Israeli medical clowns with Ukrainian refugee children in Moldova. (Dream Doctors via Israel21c) (Dream Doctors via Israel21)
medical clown

Clowns bring much-needed moments of levity and calm to Ukrainian refugees in seven shelters in Moldova.

By Abigail Klein Leichman, Israel21c

Reut Shifman Tsoref, a.k.a. Zaza the Dream Doctor, saw a Ukrainian woman trying to lull her month-old baby to sleep in a shelter packed with other refugees.

Red nose in place, Zaza approached and looked the mother in the eye with a silent request for permission as she gently touched the baby’s little leg.

Maintaining eye contact, Zaza continued stroking the infant until the mother felt safe. They don’t speak the same language, but they didn’t need to exchange a single word.

“Slowly the mom took her hands off and let me take the baby,” Zaza tells ISRAEL21c.

“I sang him songs that my grandmother taught me. I got him to sleep and then I started massaging the mother’s leg, too, to help her relax.”

Zaza was one of four Dream Doctors accompanying a weeklong Israeli medical mission that aided more than 2,000 refugees in seven shelters in Chisinau, Moldova, and at the Moldova-Ukraine border crossing. There are now three teams on the ground.

Some 350,000 Ukrainian refugees – mainly women and children — have poured into Moldova since Russia’s invasion on February 24. Their present situation is nightmarish and their future uncertain.

Dream Doctors Zaza, Zoya, Vitaly and Gad have tried to bring smiles to the faces of these weary, frightened displaced Ukrainians.

But therapeutic clowning is not just fun and games. It’s a serious, innovative approach to trauma intervention.

“People think we only joke with patients, but a lot of times they don’t need us to make them laugh. They need us to see them, to calm them,” says Zaza, who works at Jerusalem’s Shaare Zedek Medical Center.

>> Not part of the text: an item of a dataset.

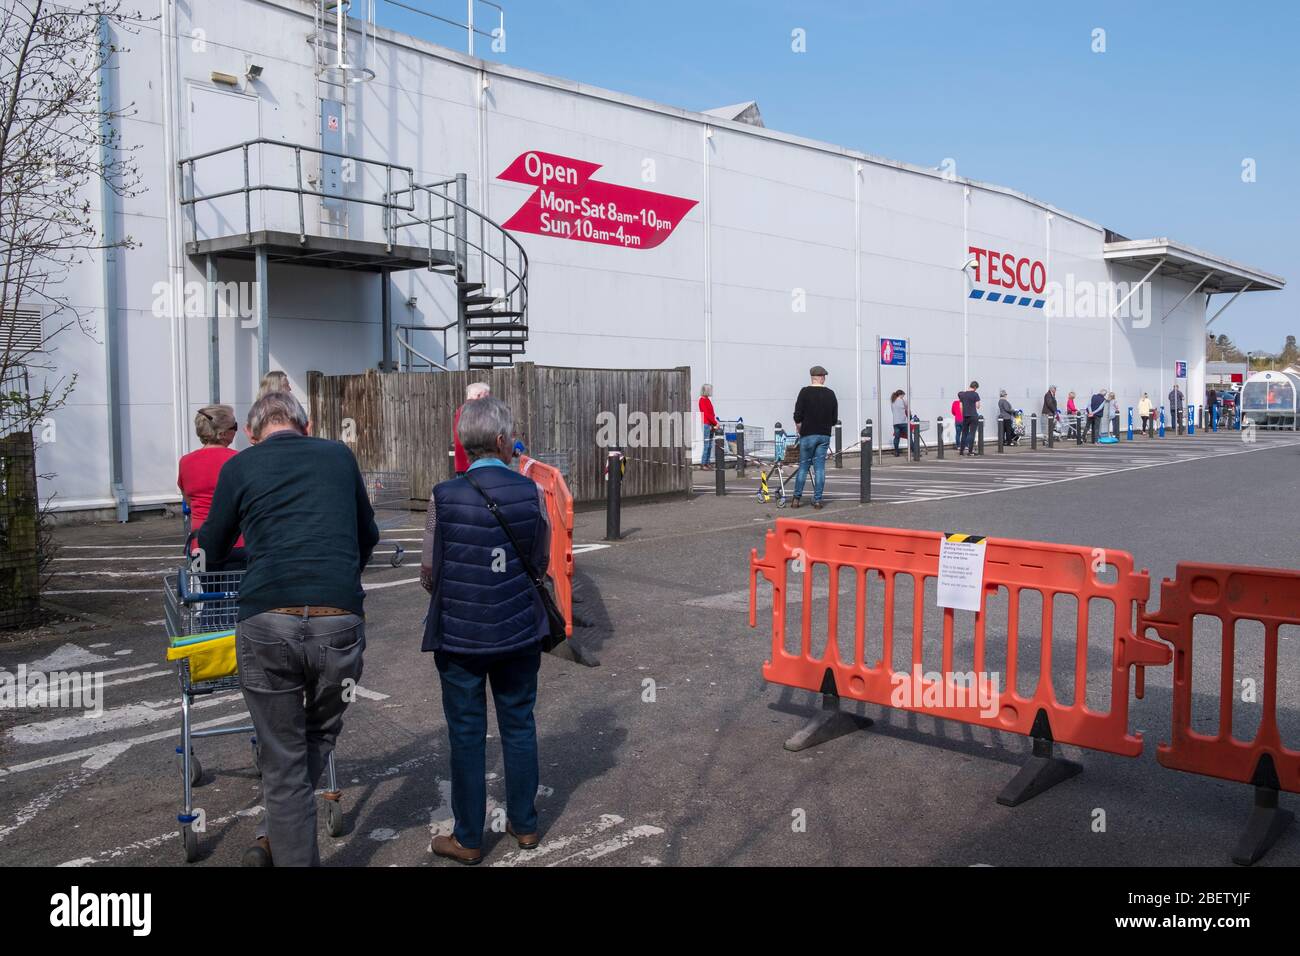 Shoppers at Tesco supermarket, Diss, Norfolk, UK,  queue 2metres apart due to the Coronavirus epidemic. Stock Photo
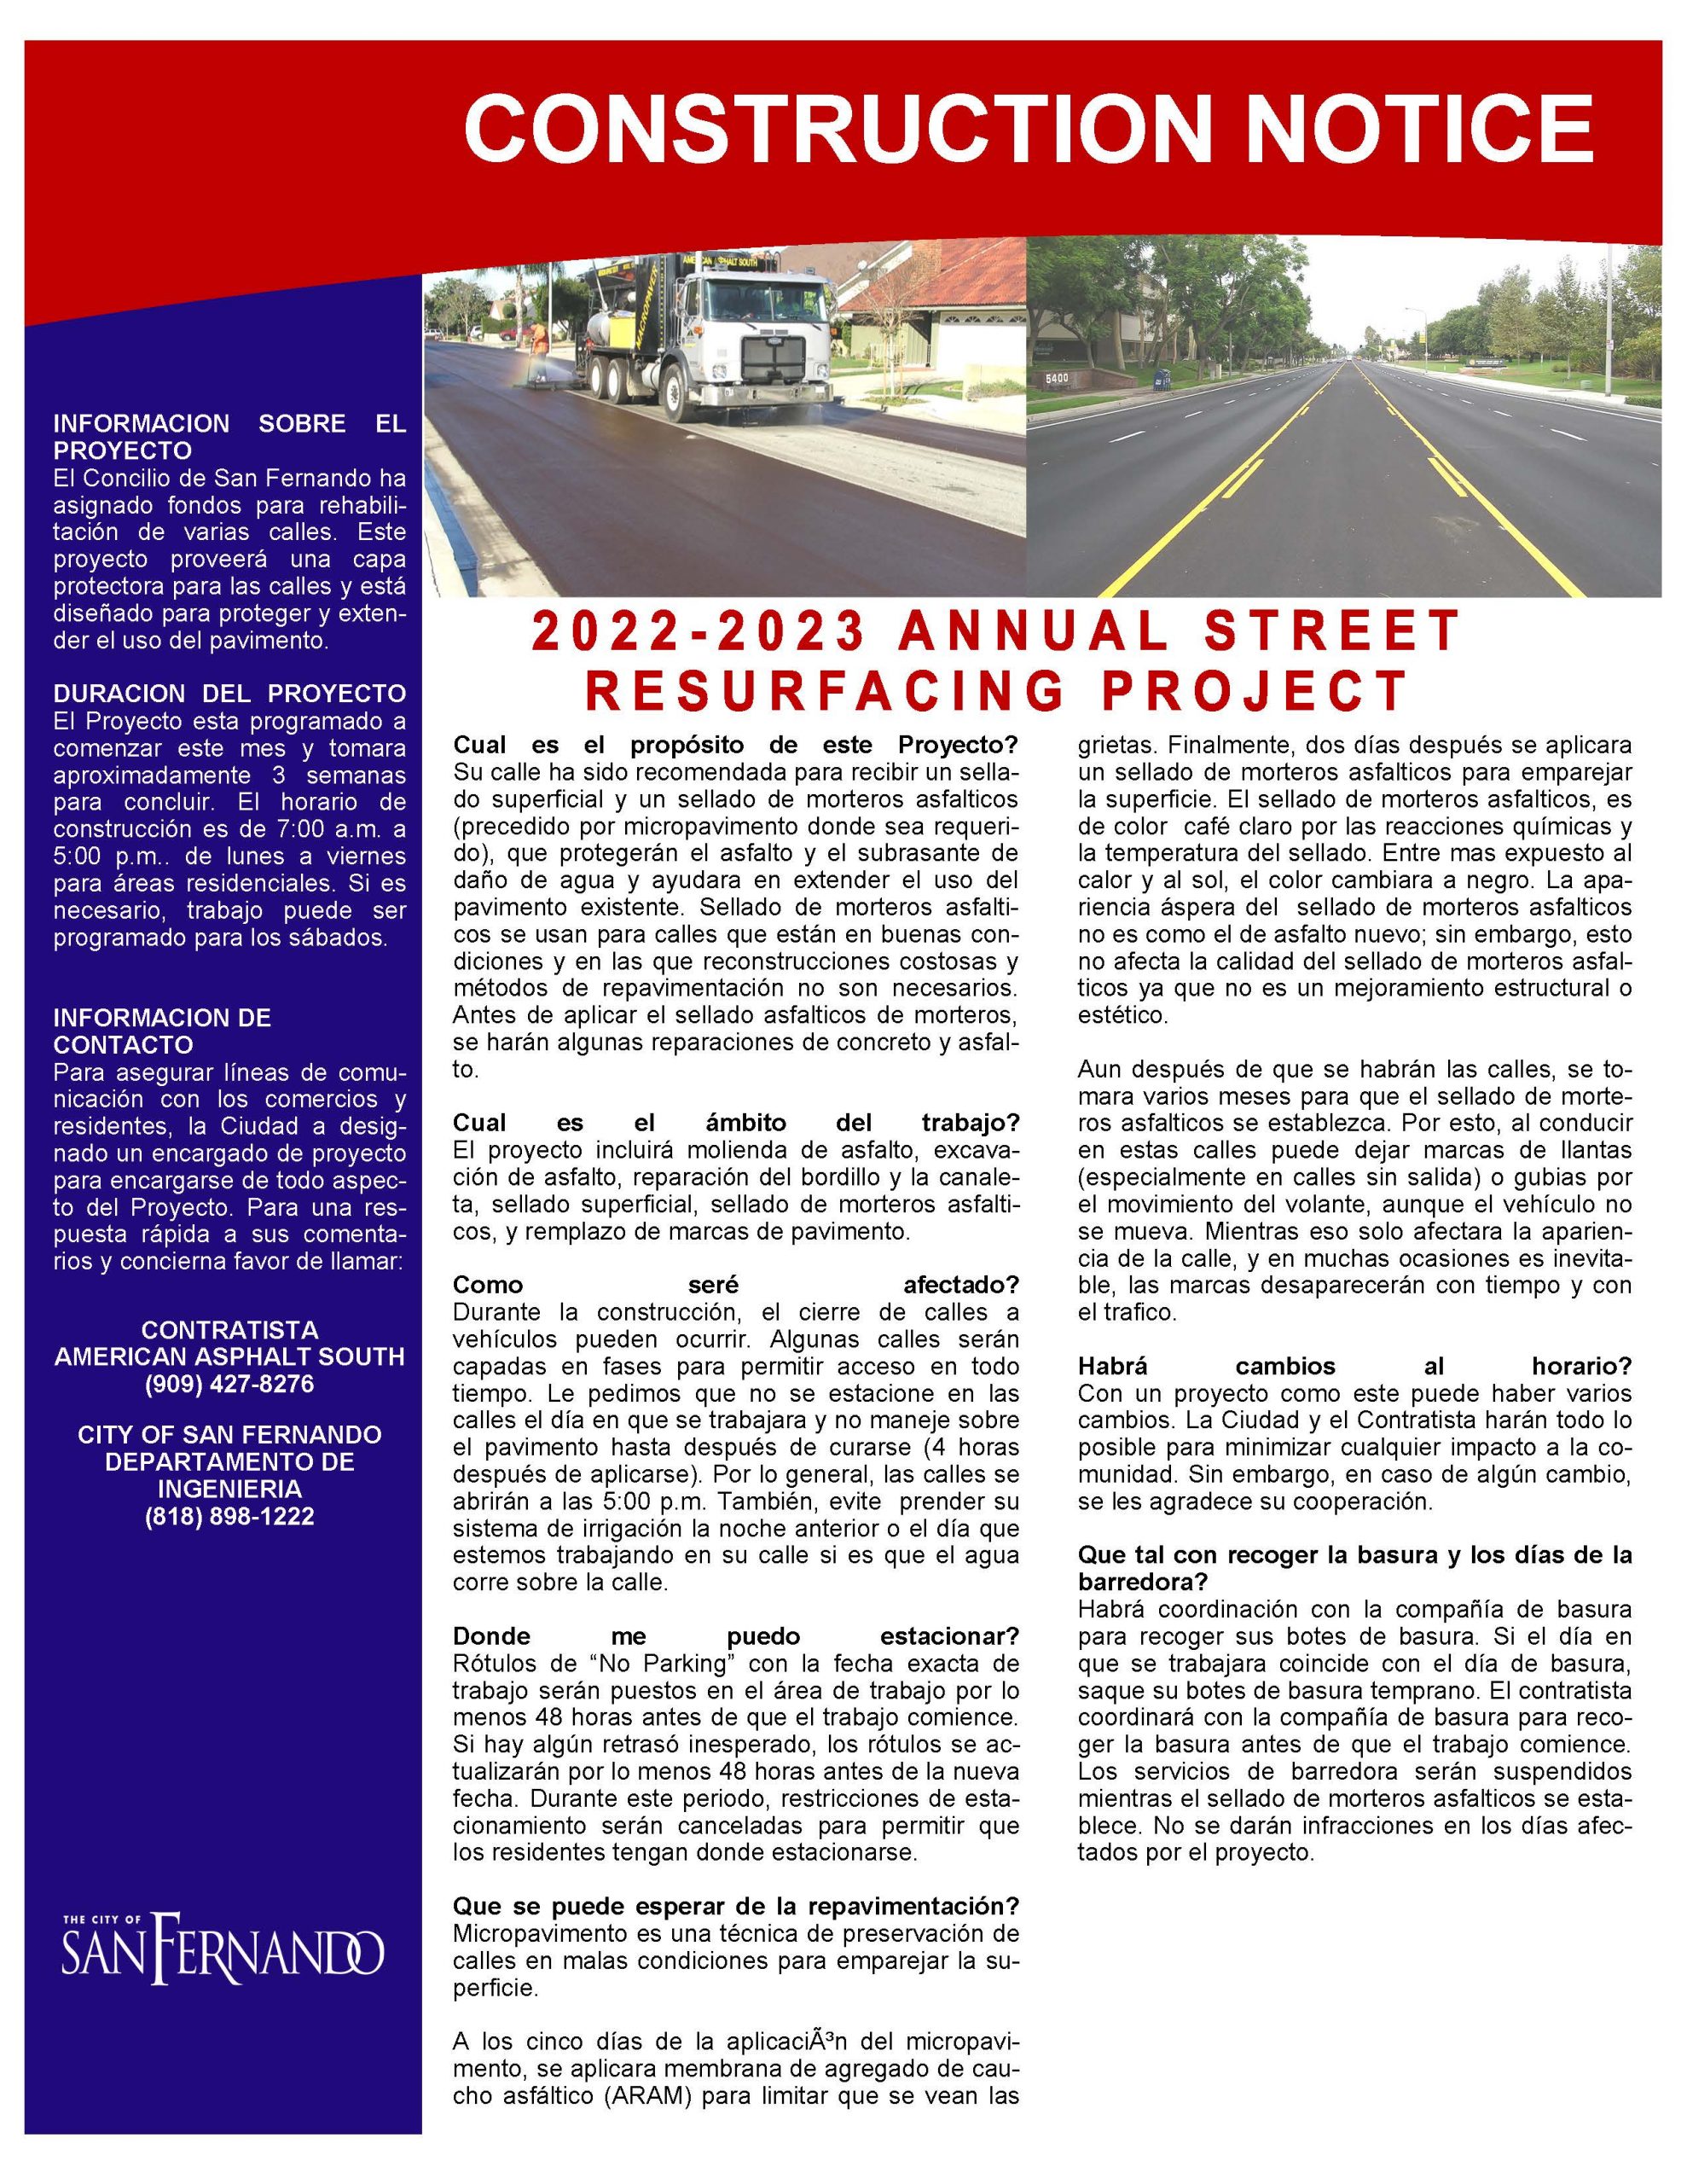 Phase 2 Annual Street Resurfacing Notice_Spanish

The next day when Zaza encountered the same mother with her newborn and her older children, they immediately ran over to her.

“Again I took the baby and got him to sleep. Holding him gave both his mother and me a moment of calm in the storm — it works both ways. It was such a difficult scene there, and a new baby symbolizes life and hope.”

Moments of Sanity

“Our work here is to alleviate the worry and fear, if only for a few minutes. Those moments of joy bring back hope and sanity in this otherwise chaotic time,” explains Tsour Shriqui, CEO of Dream Doctors.

“In freezing temperatures, many Ukrainians are arriving without gloves and other warm items of clothing, with babies in their arms and nowhere to go. For a mother, watching her child laugh and play infuses the strength to push further for a better life.”

Dream Doctors are an integral part of medical teams in 34 hospitals across Israel. They also have extensive experience working in humanitarian relief missions worldwide, Shriqui says.

Their aid in foreign countries is often in collaboration the Israel Defense Forces and this time in collaboration with Tel Aviv Sourasky Medical Center and charitable foundations including Lema’anam: Physicians for Holocaust Survivors.

Dream Doctors have traveled to disaster zones in Nepal, Haiti, Uganda, Ethiopia and Chad, among others,” Shriqui says.

“Dream Doctors were also in Houston after Hurricane Irma, Pittsburgh after the 2018 synagogue shooting, and in the Bahamas following the major earthquake in 2019. In 2018, Israel’s Foreign Ministry sponsored a unique training opportunity for Dream Doctors to coach a team of Yazidis from Iraq — a group that was severely victimized by ISIS — in the art of medical clowning.”

‘They Don’t Want Pity’

Some of the Dream Doctors in Moldova speak Ukrainian; Zaza does not. But 14 years as a Dream Doctor have made her a master of nonverbal communication.

During her week in Moldova, she confides, “not speaking the language protects me a little because I can’t hear the terrible stories. I work just with my body and my mind.”

She sees a look of utter loss in the eyes of refugees, many of whom were forced to leave husbands, sons and brothers in the war zone and travel for many hours or even for days.

“They are in emotional distress. But they don’t want pity — they want encouragement that they are strong and will be fine,” Zaza says.

Despite her professional experience, however, Zaza said it nearly broke her to encounter elderly Ukrainians in the refugee shelters, among them Holocaust survivors.

In a poem she wrote in Hebrew on her Facebook page, Zaza described how she was reduced to tears seeing these elderly refugees “packing the rest of their lives in a suitcase, sitting and waiting for the next instruction. In their eyes there is pain and doom.”

In this heart-wrenching place, she says, “We all work together as a team and support each other. “We try to give the refugees a small moment of calm and respite, to release endorphins, even to allow them to laugh.”